Task statement: Beneath this line are entries. Copy the range from the line with "Wooden crocodile figurine" to the line with "Flour, sugar, baking", ends included, exactly; leave pictures out.

Records provided:
§ §
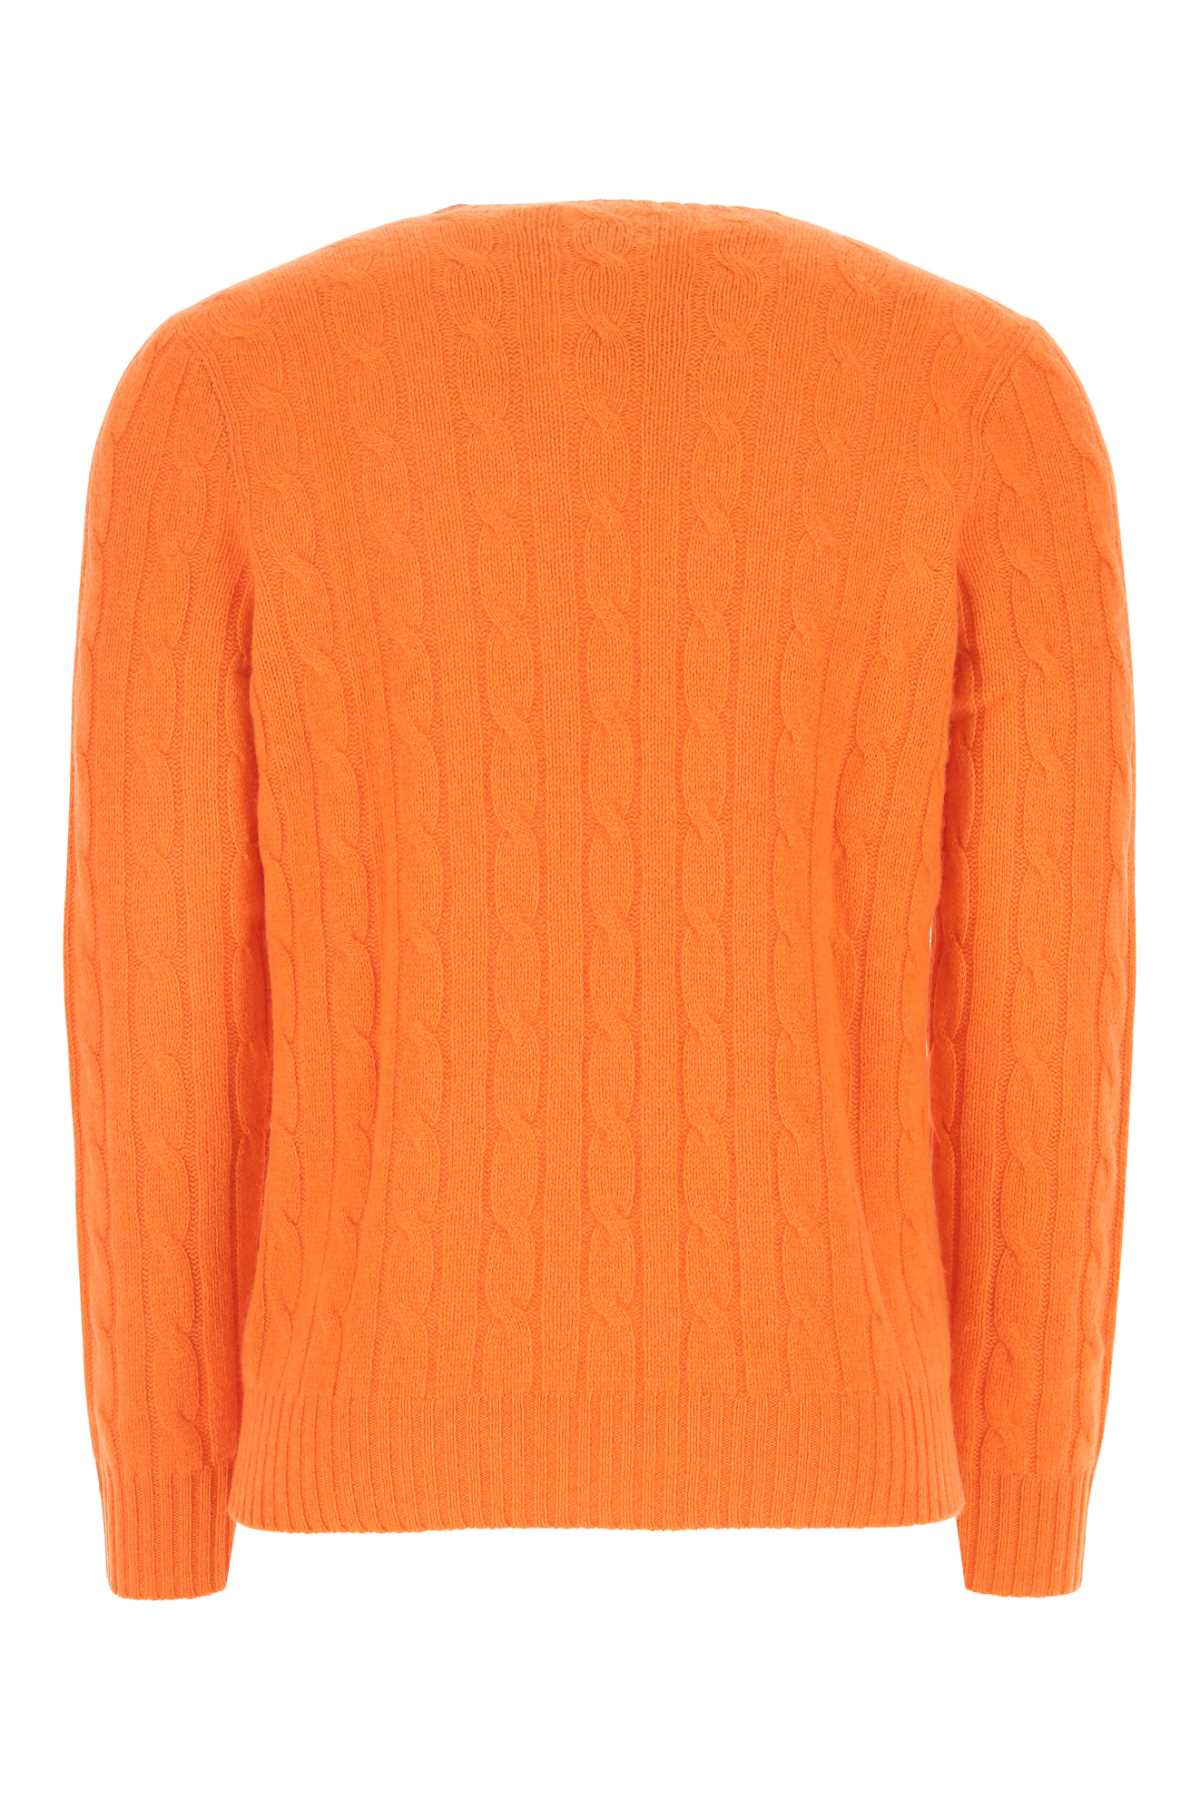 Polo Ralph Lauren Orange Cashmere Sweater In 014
§ §
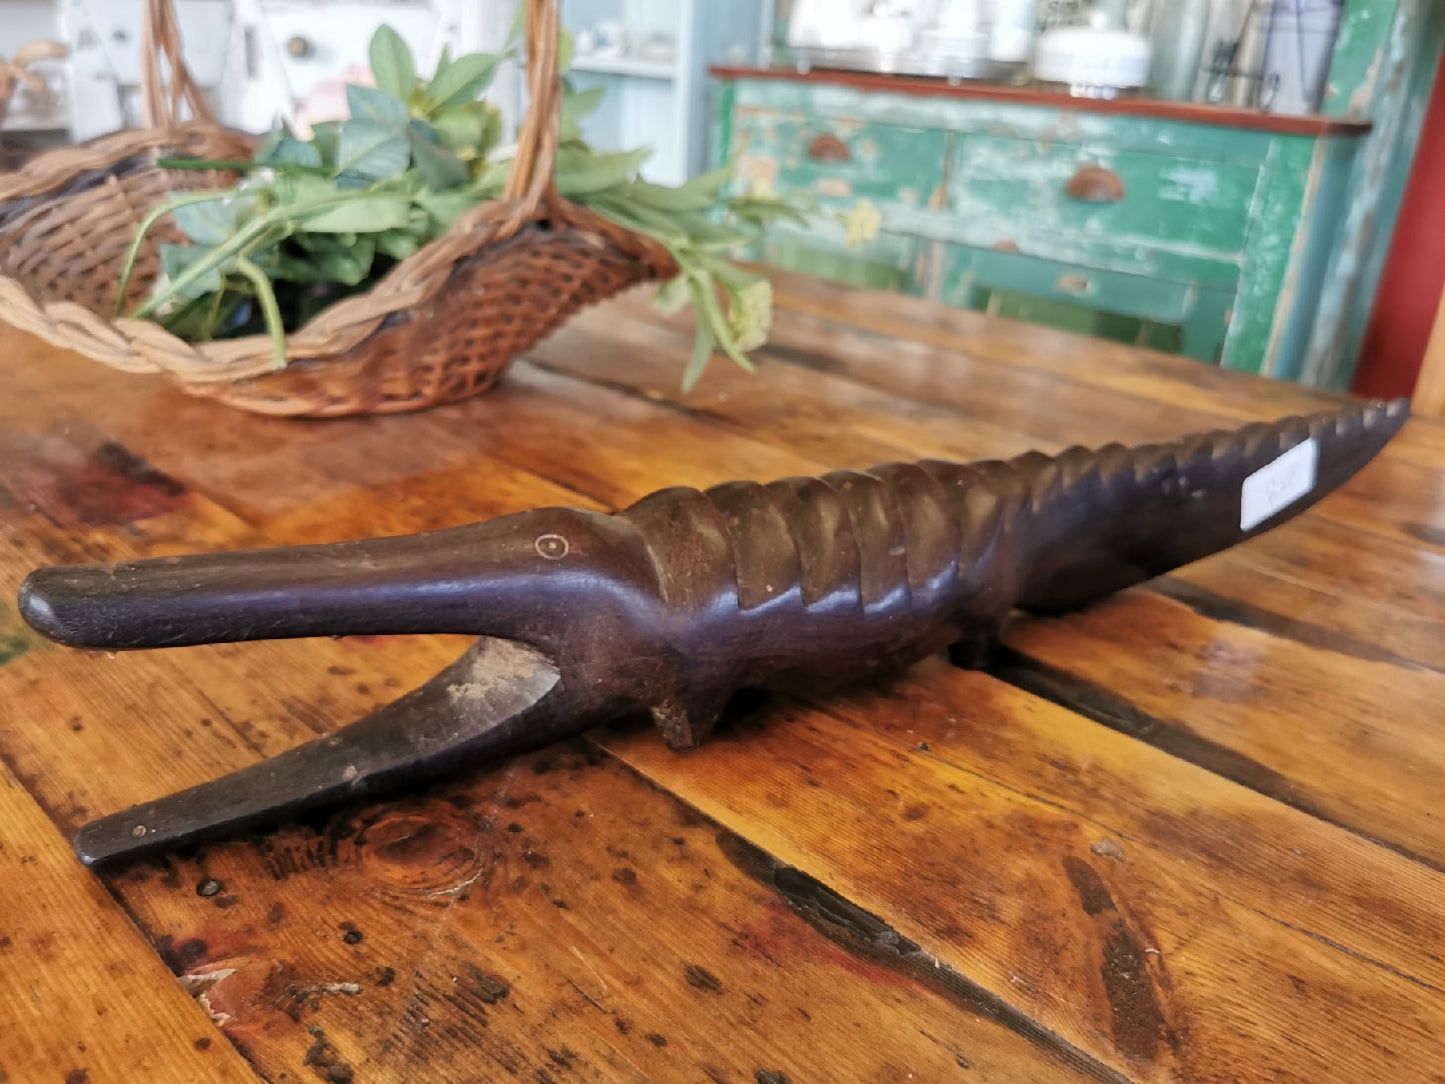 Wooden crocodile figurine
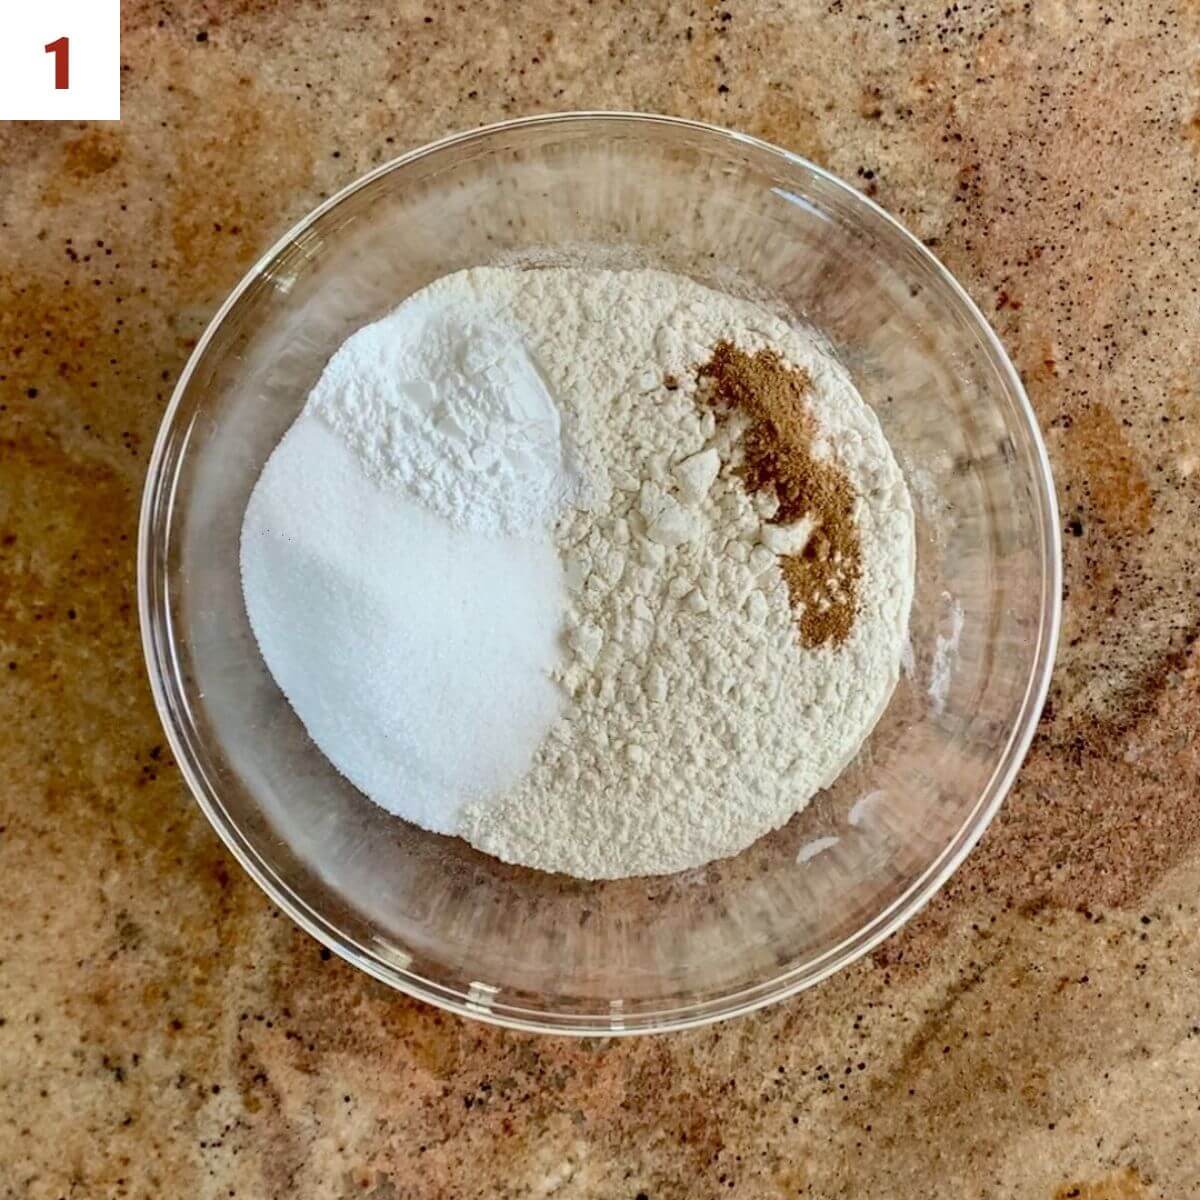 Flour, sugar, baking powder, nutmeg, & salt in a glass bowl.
§ §
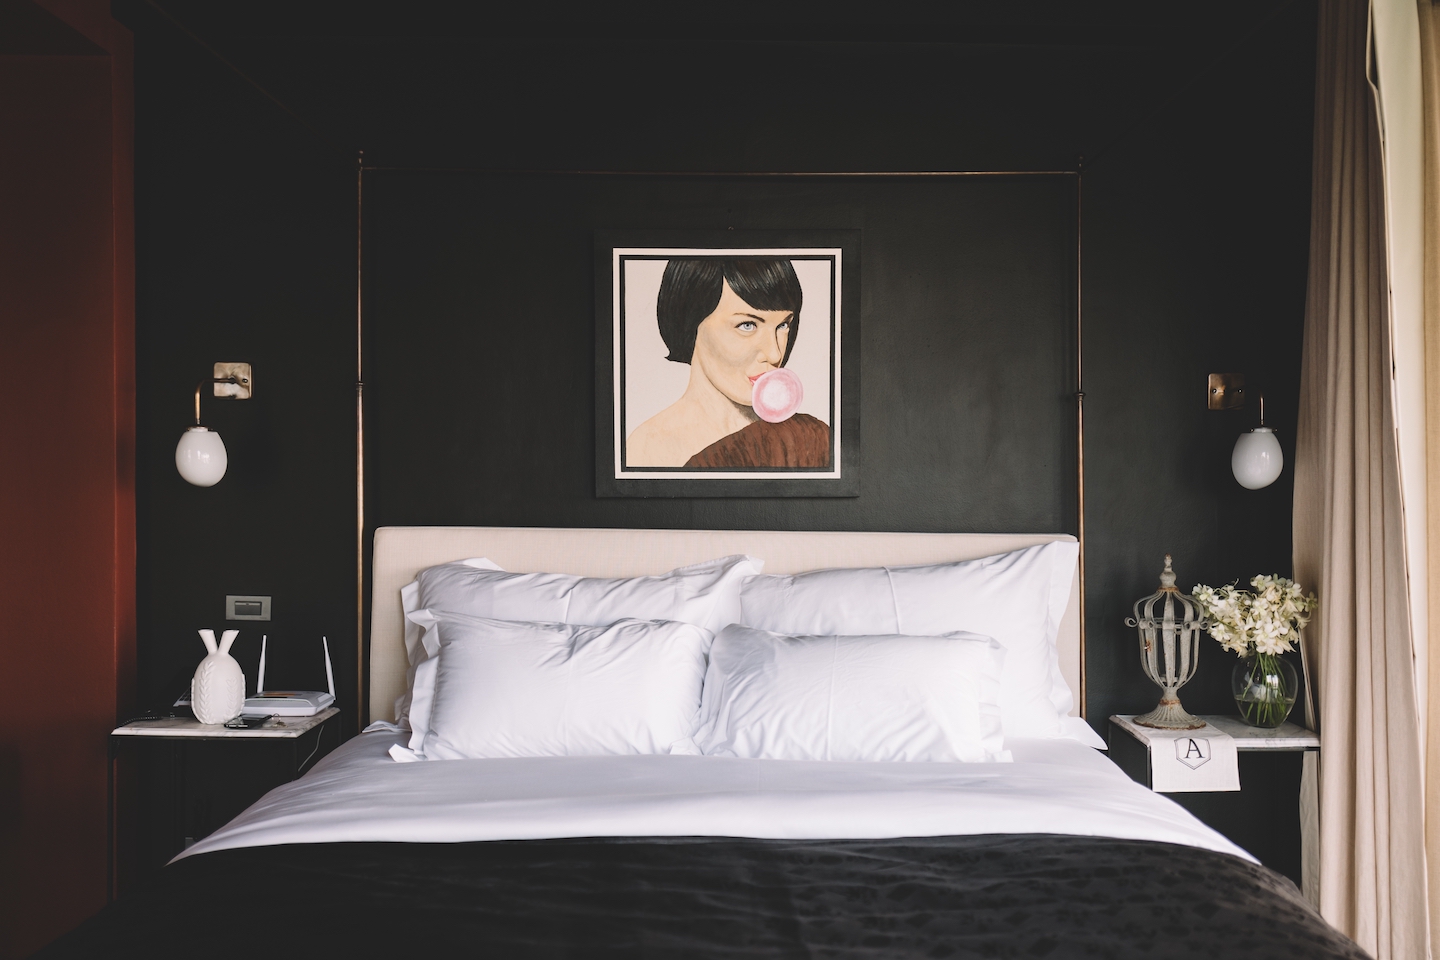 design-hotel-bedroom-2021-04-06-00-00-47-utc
§ §
Result:
 Wooden crocodile figurine
 Flour, sugar, baking powder, nutmeg, & salt in a glass bowl.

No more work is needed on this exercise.